結婚するときには、多くの方はパートナーと生涯を共に生きるつもりでいると思います。しかし、時間とともに「こんなはずじゃなかった」と思うことや、関係性が変わってしまうこともあるでしょう。そんなときに「離婚」という選択が出てくるかもしれません。とはいえ、離婚を考えたとき、何から始めればいいかわからない人も少なくないと思います。『増補改訂版 前向き離婚の教科書』(日本文芸社)は、離婚を考え始めたときの心の整理から離婚の手続きまでをサポートしてくれるような本です。本書を始め、離婚に関する多くの書籍に関わっている森法律事務所の所属弁護士の舟橋史恵さんにお話を伺いました。

離婚したい理由を明確にしておく重要性

——本書では離婚を考え始めたときに、自分の気持ちを丁寧に確認することを勧めています。なぜ気持ちの確認が大切なのでしょうか?

今ご家庭で抱えている問題があって、その解決方法として離婚を考えることがあると思います。しかし、果たして離婚という選択で、その問題が解決されるのかは今一度考えた方がいいと思います。
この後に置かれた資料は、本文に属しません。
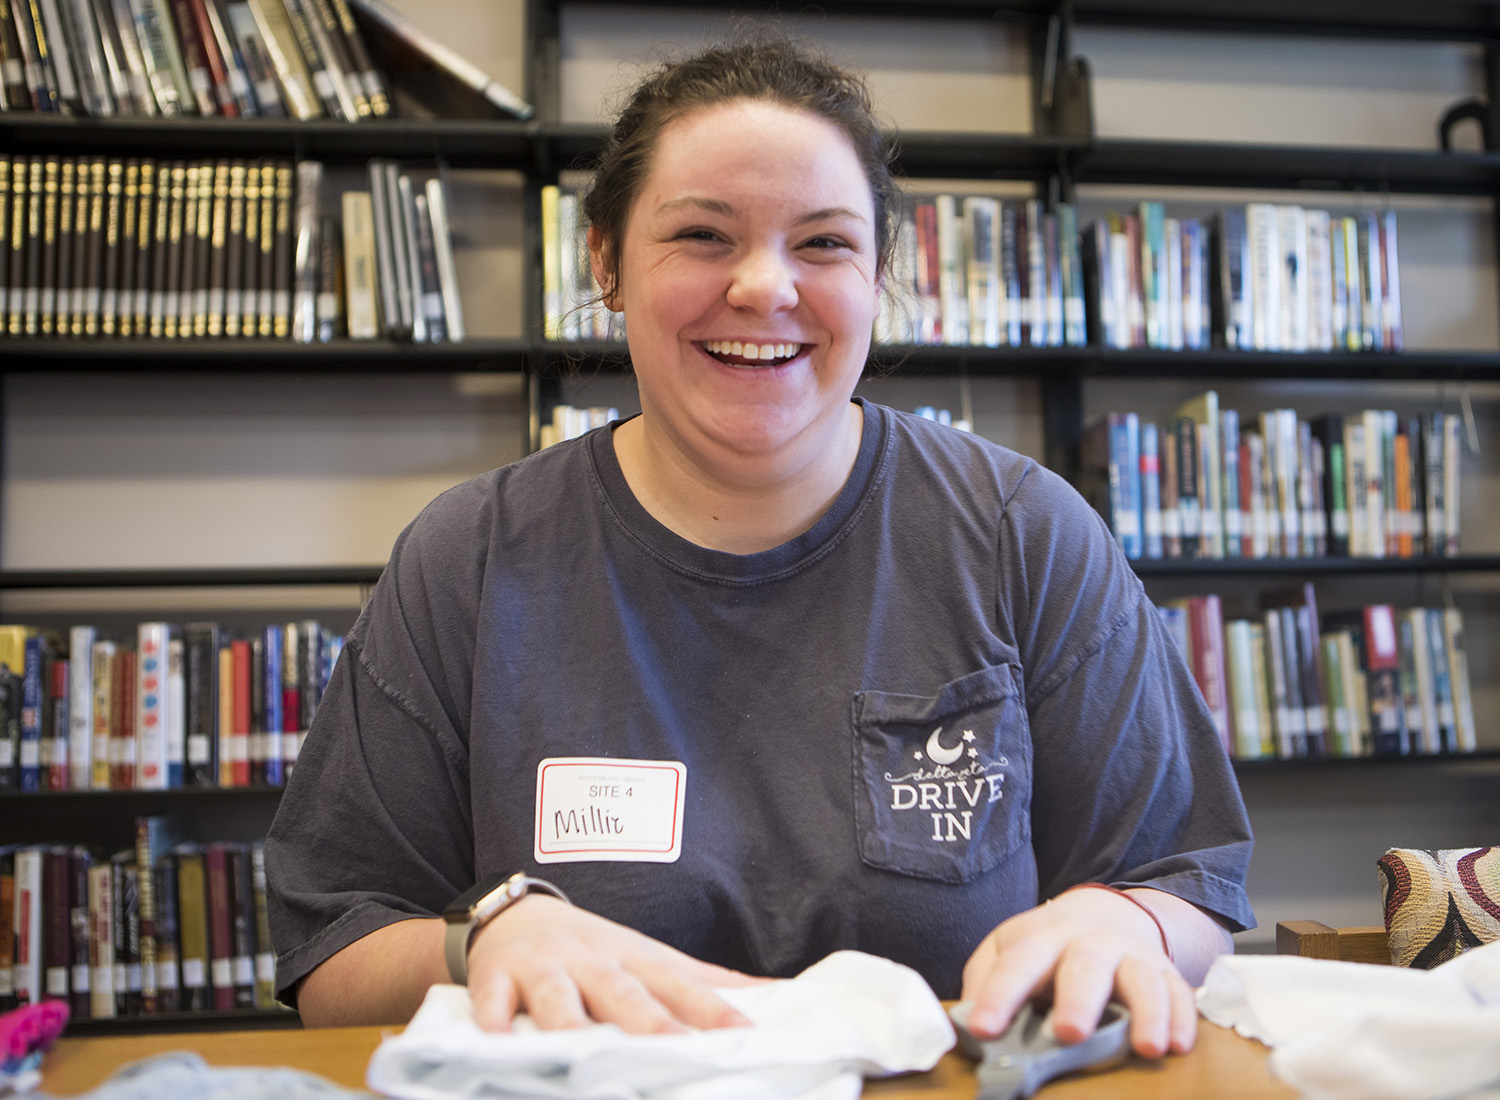 Student volunteer at Whitesburg Library

なぜ離婚をするかというと、幸せになるためですよね。ですが、離婚すれば必ず幸せになれるというわけではないですし、離婚したら絶対に不幸になるわけでもありません。人それぞれ価値観が違うので、弁護士は離婚を勧めることも止めることもできません。弁護士はご本人の気持ちをお聞きしたり、選択肢を示したりすることはできますが、最終的に決めるのはご本人です。

離婚したい理由を最初にきちんと確認しておかないと、途中で気持ちがぶれてしまう方は実際にいらっしゃいます。気持ちに変化があること自体は仕方のないことだとは思うのですが、「離婚しなくてもいいかも」と思っているのに、弁護士に依頼したところで引っ込みがつかなくなってしまうことも。なので、依頼する前にはご自分の気持ちを整理することを勧めています。

最近は、離婚に関する情報もネットで検索できてとても便利だと思います。一方、デメリットは自分が「これだ」と思った結論に合うように調べてしまう傾向があること。離婚したい気持ちが強ければ「離婚 メリット」と検索して、良い話が目に入るでしょう。離婚がうまくいった事例を見ても、自分が同じように当てはまるかはわかりませんので、情報が偏ってしまうこともあると思います。また、本当に見る必要があるのは、離婚で失敗した事例など、負の側面かもしれません。まずは良い面、悪い面などいろいろな角度から検討して、自分の気持ちを整理することが重要だと考えます。

——本書の離婚後のライフプランの確認シートで「心の支えとなること」という欄があります。なぜ明確にしておく必要があるのでしょうか?

そもそも夫婦の気持ちが通じ合っていたら、離婚という話にならないですよね。なので離婚となると、通常は相手が反発したり、相手が離婚を受け入れるにしても条件面で希望が異なったり、思い通りにいかないことも出てきます。

親族や友人知人を巻き込んでの紛争になることも少なくないので、冷静に離婚の話を進めていくためには、気持ちの支えになるものがあった方がいいのではないでしょうか。また、離婚できたものの、「こんなはずじゃなかった」という事態を避けるためには、相談先や頼れる人が複数いるかもよく考えることをおすすめします。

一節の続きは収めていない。